Sri Lanka to pay Iran oil debt in tea as trade partners look for creative ways to avoid Trump sanctions

Reuters
Reuters

Sri Lanka is drawing up proposals to get around international sanctions on Iran by paying its oil debt with the Middle East country in tea, according to a report.

Ceylon Petroleum Corporation (CPC), the national oil and gas company of Sri Lanka, owes Iran $250m for oil purchases made recent months.

But new regulations designed to make Sri Lanka compliant with UN Security Council sanctions on Iran mean a straight financial transaction with Iranian government bodies could fall foul of the rules.

At the same time, Iran is the fourth-largest market for Sri Lankan tea, a commodity that is not prohibited by the terms of any UN Security Council sanctions.

Speaking to the country’s Sunday Times newspaper, the chair of the Sri Lanka Tea Board said the amount owed by CPC was the equivalent of a year’s tea exports going the other way.

“If the CPC pays us, we can continue the export of tea to Iran as there is no ban on this commodity. The amount the CPC owes Iran can offset payment for a year of tea export to Iran,” he said.

Tea Board chairman Lucille Wijewardena said more talks would be held in the coming week to allow Sri Lanka to continue to trade with Iran in spite of UN sanctions. Sri Lanka exported 27,419 metric tonnes of tea to Iran in 2017.

Sri Lanka is not the only international partner reconsidering how it does trade with Iran, as the US prepares to impose tough new sanctions on Tehran at what Donald Trump has called “the highest level”.

Mr Trump announced two months ago that he would withdraw the US from the international agreement designed to ease sanctions on Iran, in exchange for restrictions on the country’s nuclear programmes.
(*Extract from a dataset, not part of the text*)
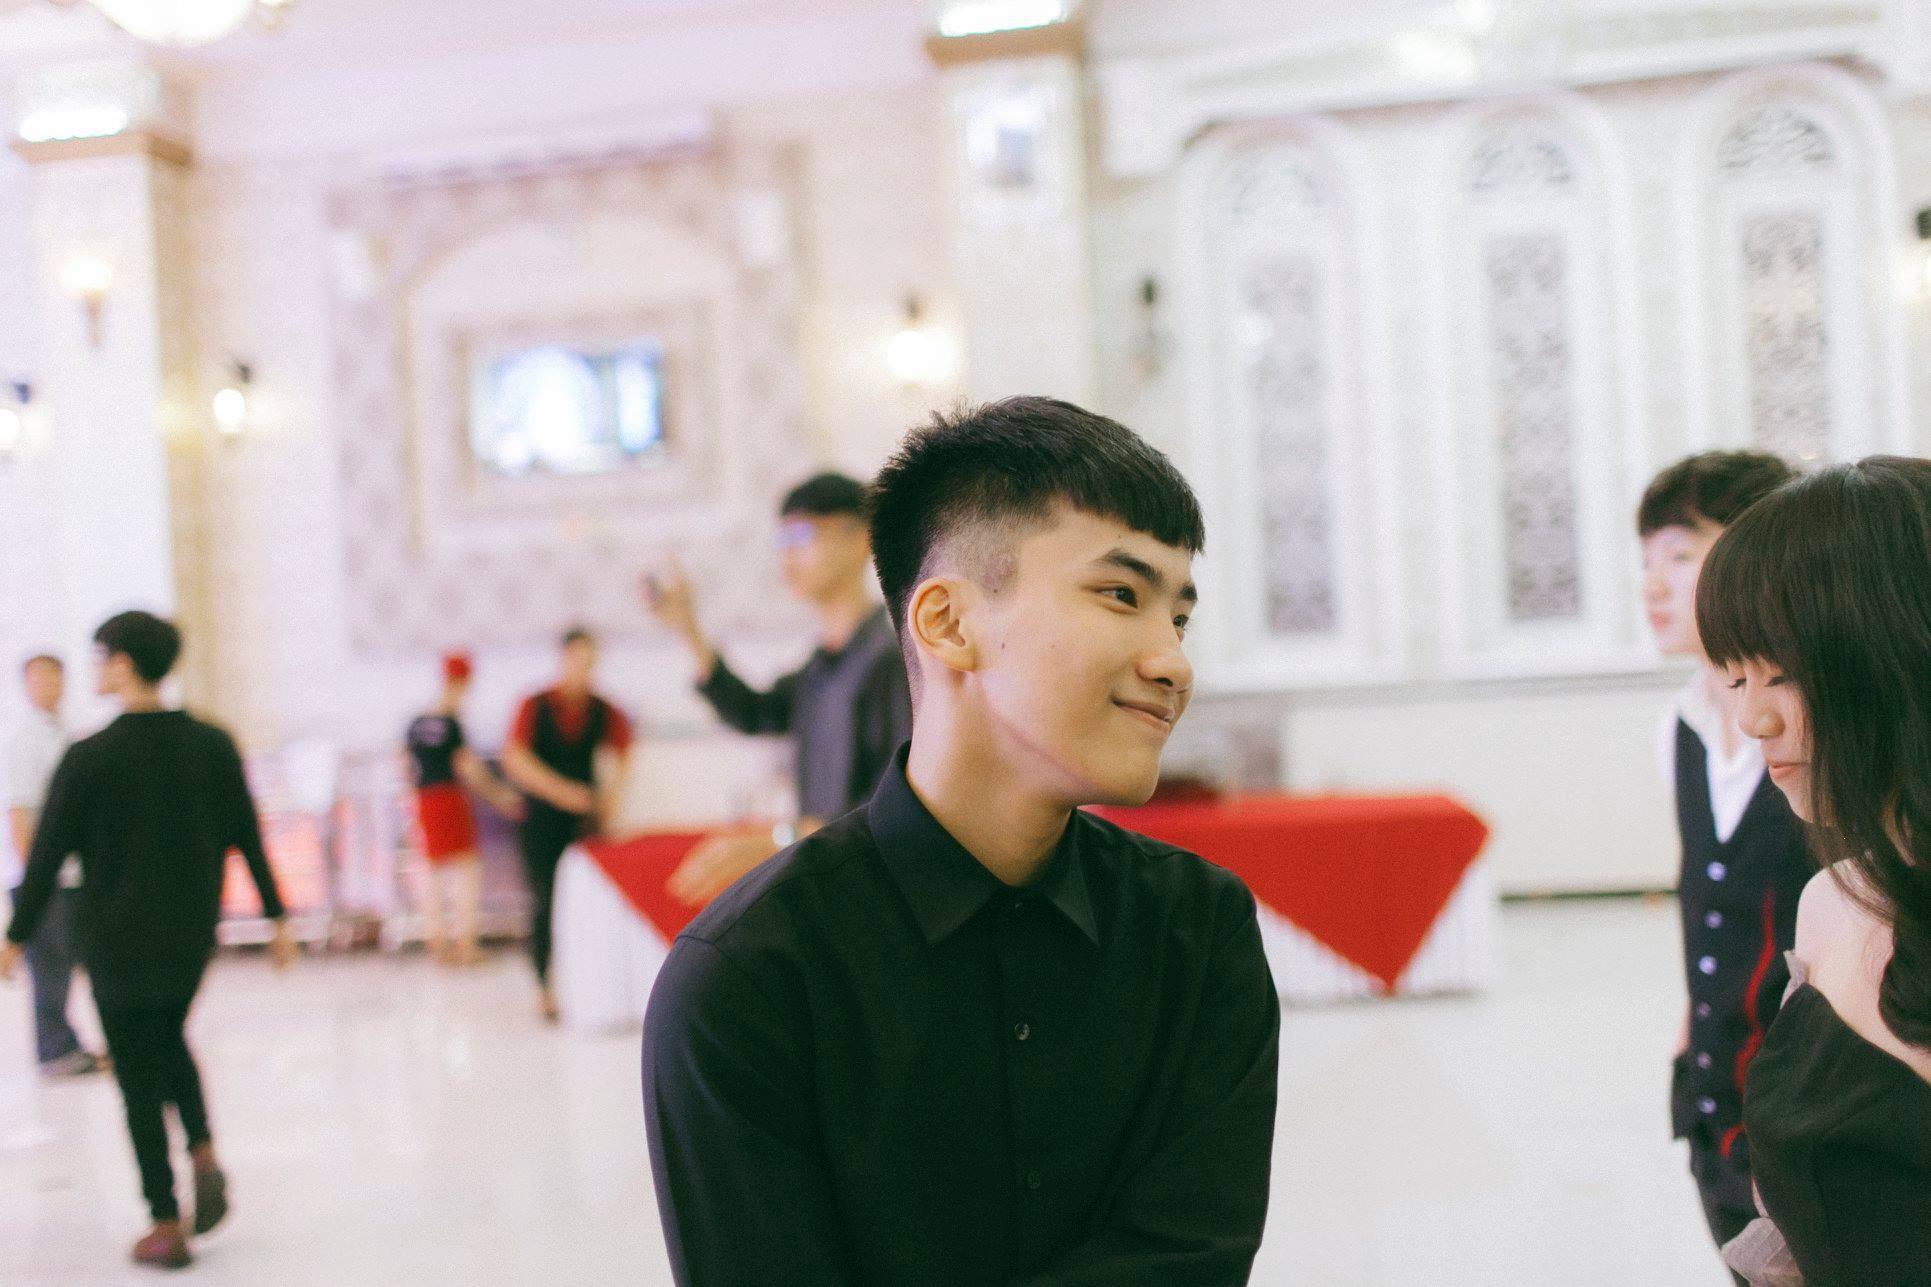 Không chỉ RMIT, trường chuyên phố núi Kon Tum cũng khiến chúng ta đã mắt với dàn trai xinh gái đẹp trong tiệc prom - Ảnh 8.

The new US sanctions will begin in August with a ban on all dollar trade with Iran, and will then seek to punish US trading partners who invest in Iranian oil infrastructure or purchase crude from the country.

Indian rice exporters say they have already started to feel the pinch from the impending sanctions, as companies are forced to find new banking arrangements with European or Middle Eastern brokers, avoiding the dollar ban.

Iran is a big market for Indian basmati rice. At present, shipments for old contracts are going to Iran. But there is a delay in new contracts. So the trade is worried about Iran market,” Gumnam Arora, joint managing director of Kohinoor Foods, told the Economic Times.

Fear of angering the US has not stopped countries like India from engaging in high-level trade talks with Iran in the past month, as they seek to find sanctions workarounds.

And for others, there is a sense of frustration with the sweeping nature of Mr Trump’s actions. Sri Lankan plantation industries minister Navin Dissanayake told the Daily FT: “Iran is buying a lot of our tea and we have a bilateral agreement with them. Just because the Americans put sanctions on them, it doesn't mean that they have to impose a sanction on us.”